Richard Medhurst em seu feed X. (Twitter/X)

By Joe Lauria
Especial para notícias do consórcio

BO jornalista britânico Richard Medhurst, que foi preso no ano passado e interrogado sob a draconiana Lei do Terrorismo da Grã-Bretanha, está enfrentando um possível processo por "terrorismo" por jornalismo que é altamente crítico ao genocídio em curso de Israel em Gaza. 

A medida ocorre em meio a indícios de que rachaduras estão aparecendo no muro de apoio firme do establishment ocidental a Israel, não importa quais ultrajes o estado judeu cometa.

Se o Crown Prosecution Service (Serviço de Promotoria da Coroa) da Grã-Bretanha realmente recomendará um processo contra Medhurst será um teste para saber até onde os líderes ocidentais estão dispostos a ir para violar seus próprios chamados princípios democráticos para manter um relacionamento claramente corrupto com Tel Aviv. 

A Financial Times, ex-chefe de política externa da União Europeia Josep Borrell, influente New York Times cronista Thomas Friedman, Deputado conservador Mark Pritchard, vários órgãos das Nações Unidas, grandes organizações de direitos humanos e crescentes protestos no próprio Israel começaram a chamar abertamente o que Israel está fazendo em Gaza de um enorme crime contra a humanidade, se não genocídio. 

Sempre pareceu haver uma linha que até mesmo os políticos ocidentais dependentes do apoio do lobby israelense não cruzariam se a impunidade israelense fosse longe demais no assassinato de palestinos inocentes que atrapalhassem o projeto do Grande Israel.

Afinal, é a própria humanidade dessas figuras políticas que está sendo questionada por setores da população que ainda a mantêm — com exceção, principalmente, da grande mídia. 

7 de outubro previsto

E então veio o genocídio em grande escala e a limpeza étnica de Gaza, iniciados em outubro de 2023, parte da solução final para o "problema" palestino de Israel, iniciada para valer em 1948. Ficou claro desde o início que a chamada "guerra contra o Hamas" nada mais era do que a frenética concretização de planos sionistas há muito tempo elaborados como resposta ao aviso que Moshe Dayan, um "pai fundador" israelense, fez em 1956: 

Que razão temos para reclamar do ódio terrível que sentem por nós? Há oito anos, eles vivem em seus campos de refugiados em Gaza, e diante de seus olhos nos voltamos para a nossa capital nacional e para as aldeias onde eles e seus ancestrais viveram. … Somos uma geração de colonos e, sem capacete e arma, não conseguiremos plantar uma árvore ou construir uma casa. … Não tenhamos medo de ver o ódio que acompanha e consome as vidas de centenas de milhares de árabes que vivem ao nosso redor e aguardam o momento em que suas mãos poderão tocar o nosso sangue.

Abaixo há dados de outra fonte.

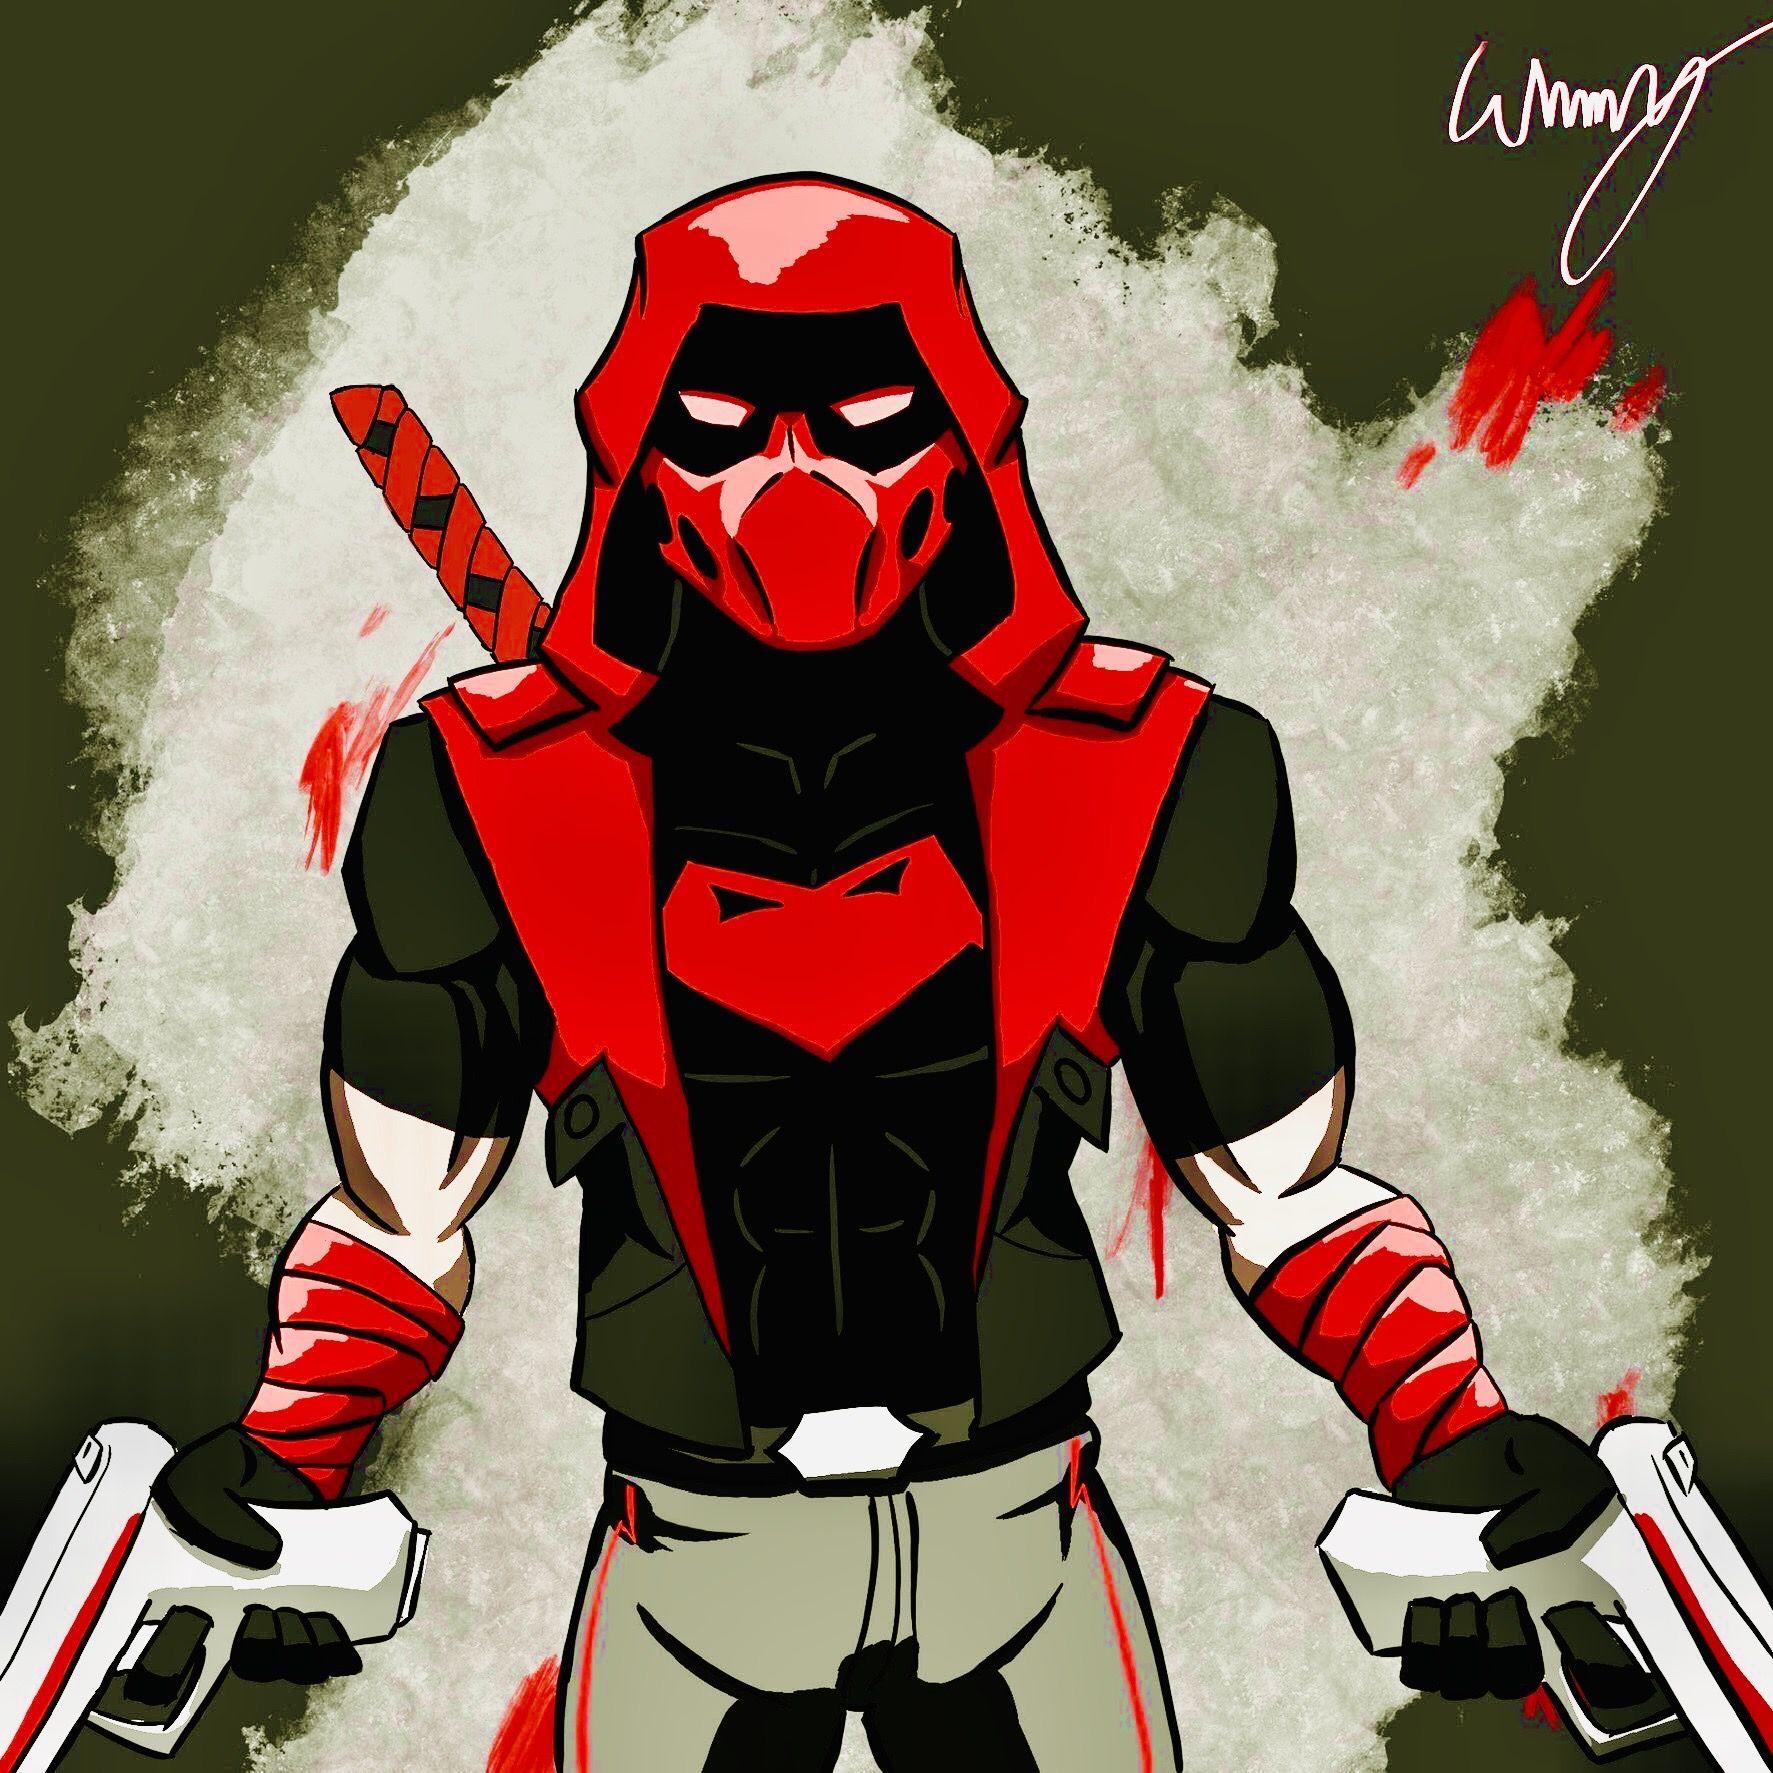 DC Comics Jason Todd Superhero HD Red Hood Wallpapers | HD

Chegou a hora, em 7 de outubro de 2023, e era a oportunidade que os extremistas do governo Netanyahu esperavam:  Plano Dalet em esteróides. 

As evidências de genocídio e de toda a depravação israelense são agora tão avassaladoras que os sorrateiros líderes ocidentais estão saindo da toca para salvar o pouco que resta de sua decência.

Borrell acusa Israel de “levar a cabo a maior operação de limpeza étnica desde o fim da Segunda Guerra Mundial, a fim de criar um esplêndido destino de férias, uma vez que todos os milhões de toneladas de escombros tenham sido removidos Gaza e os palestinos morreram ou foram embora.” 

O ex-ministro das Relações Exteriores espanhol disse na sexta-feira passada a uma audiência que incluía o rei espanhol:

“Todos nós sabemos o que está acontecendo lá e todos nós ouvimos os objetivos declarados pelos ministros de Netanyau?, que são declarações claras de intenção genocida. Raramente ouvi um líder de Estado delinear tão claramente um plano que se enquadrasse na definição legal de genocídio.”

Em um artigo do coluna também na sexta-feira passada, Friedman concentrou sua ira em Benjamin Netanyahu, mas viu o panorama geral o suficiente para usar seu espaço no jornal mais influente do país para declarar:

Netanyahu está se preparando para reinvadir Gaza com um plano para concentrar a população palestina em um canto minúsculo, com o Mar Mediterrâneo de um lado e a fronteira egípcia do outro — ao mesmo tempo em que avança a anexação de fato com velocidade e abrangência cada vez maiores na Cisjordânia. Ao fazer isso, estará atraindo mais acusações de crimes de guerra contra Israel.

Na Câmara dos Comuns, o deputado conservador Pritchard disse na última quinta-feira: 

“Estou nesta Casa há 20 anos. Francamente, apoiei Israel praticamente a todo custo. Mas hoje quero dizer que me enganei e condeno Israel pelo que está fazendo ao povo palestino em Gaza e, de fato, na Cisjordânia. E gostaria de retirar meu apoio agora mesmo às ações de Israel.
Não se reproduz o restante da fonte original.